◆ **MATERIALS PROVIDED**
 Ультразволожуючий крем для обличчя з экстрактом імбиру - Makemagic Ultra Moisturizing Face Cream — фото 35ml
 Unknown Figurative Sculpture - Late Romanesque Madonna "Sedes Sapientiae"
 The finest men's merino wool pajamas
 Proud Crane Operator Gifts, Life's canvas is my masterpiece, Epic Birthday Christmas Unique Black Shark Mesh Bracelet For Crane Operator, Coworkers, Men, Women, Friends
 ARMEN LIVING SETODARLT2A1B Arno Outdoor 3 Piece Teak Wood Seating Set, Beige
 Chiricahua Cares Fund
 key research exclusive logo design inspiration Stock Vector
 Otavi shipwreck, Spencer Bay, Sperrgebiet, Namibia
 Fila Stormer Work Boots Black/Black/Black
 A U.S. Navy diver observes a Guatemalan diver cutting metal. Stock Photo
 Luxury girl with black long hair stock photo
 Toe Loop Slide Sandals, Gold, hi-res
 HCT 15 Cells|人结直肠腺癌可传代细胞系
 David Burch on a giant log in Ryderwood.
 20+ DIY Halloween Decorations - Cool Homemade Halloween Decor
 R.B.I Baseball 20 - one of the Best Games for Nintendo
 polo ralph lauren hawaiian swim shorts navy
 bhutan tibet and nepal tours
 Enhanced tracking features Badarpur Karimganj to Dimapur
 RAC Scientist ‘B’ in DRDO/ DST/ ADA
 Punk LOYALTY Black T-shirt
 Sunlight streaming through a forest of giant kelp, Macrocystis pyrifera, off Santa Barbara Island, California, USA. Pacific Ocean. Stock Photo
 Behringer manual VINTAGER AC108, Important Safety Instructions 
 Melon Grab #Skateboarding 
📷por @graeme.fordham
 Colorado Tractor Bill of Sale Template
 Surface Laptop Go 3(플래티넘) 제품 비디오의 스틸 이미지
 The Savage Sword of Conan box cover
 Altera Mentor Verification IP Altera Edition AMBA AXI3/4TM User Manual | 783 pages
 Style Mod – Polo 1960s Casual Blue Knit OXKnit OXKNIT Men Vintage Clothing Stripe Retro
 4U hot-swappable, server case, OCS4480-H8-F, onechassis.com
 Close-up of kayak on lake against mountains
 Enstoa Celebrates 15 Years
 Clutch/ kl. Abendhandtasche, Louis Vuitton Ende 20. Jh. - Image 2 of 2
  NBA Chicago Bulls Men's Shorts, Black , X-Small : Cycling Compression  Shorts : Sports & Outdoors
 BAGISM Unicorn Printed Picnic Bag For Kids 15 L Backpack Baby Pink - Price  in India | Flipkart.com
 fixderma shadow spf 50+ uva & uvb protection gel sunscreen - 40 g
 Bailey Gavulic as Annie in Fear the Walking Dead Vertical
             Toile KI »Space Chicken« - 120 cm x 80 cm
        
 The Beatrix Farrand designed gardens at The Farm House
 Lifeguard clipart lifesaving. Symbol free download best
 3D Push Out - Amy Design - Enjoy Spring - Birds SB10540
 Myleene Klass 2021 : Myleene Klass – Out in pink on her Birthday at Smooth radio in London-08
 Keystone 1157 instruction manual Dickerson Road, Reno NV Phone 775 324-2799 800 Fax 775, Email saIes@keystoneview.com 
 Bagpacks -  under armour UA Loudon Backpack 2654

◆ **WORK ITEM**
Go through the data above from its first line and copy each line exactly, stopping once the line with "Close-up of kayak on lake against mountains" has been copied.

◆ **RESULT**
 Ультразволожуючий крем для обличчя з экстрактом імбиру - Makemagic Ultra Moisturizing Face Cream — фото 35ml
 Unknown Figurative Sculpture - Late Romanesque Madonna "Sedes Sapientiae"
 The finest men's merino wool pajamas
 Proud Crane Operator Gifts, Life's canvas is my masterpiece, Epic Birthday Christmas Unique Black Shark Mesh Bracelet For Crane Operator, Coworkers, Men, Women, Friends
 ARMEN LIVING SETODARLT2A1B Arno Outdoor 3 Piece Teak Wood Seating Set, Beige
 Chiricahua Cares Fund
 key research exclusive logo design inspiration Stock Vector
 Otavi shipwreck, Spencer Bay, Sperrgebiet, Namibia
 Fila Stormer Work Boots Black/Black/Black
 A U.S. Navy diver observes a Guatemalan diver cutting metal. Stock Photo
 Luxury girl with black long hair stock photo
 Toe Loop Slide Sandals, Gold, hi-res
 HCT 15 Cells|人结直肠腺癌可传代细胞系
 David Burch on a giant log in Ryderwood.
 20+ DIY Halloween Decorations - Cool Homemade Halloween Decor
 R.B.I Baseball 20 - one of the Best Games for Nintendo
 polo ralph lauren hawaiian swim shorts navy
 bhutan tibet and nepal tours
 Enhanced tracking features Badarpur Karimganj to Dimapur
 RAC Scientist ‘B’ in DRDO/ DST/ ADA
 Punk LOYALTY Black T-shirt
 Sunlight streaming through a forest of giant kelp, Macrocystis pyrifera, off Santa Barbara Island, California, USA. Pacific Ocean. Stock Photo
 Behringer manual VINTAGER AC108, Important Safety Instructions 
 Melon Grab #Skateboarding 
📷por @graeme.fordham
 Colorado Tractor Bill of Sale Template
 Surface Laptop Go 3(플래티넘) 제품 비디오의 스틸 이미지
 The Savage Sword of Conan box cover
 Altera Mentor Verification IP Altera Edition AMBA AXI3/4TM User Manual | 783 pages
 Style Mod – Polo 1960s Casual Blue Knit OXKnit OXKNIT Men Vintage Clothing Stripe Retro
 4U hot-swappable, server case, OCS4480-H8-F, onechassis.com
 Close-up of kayak on lake against mountains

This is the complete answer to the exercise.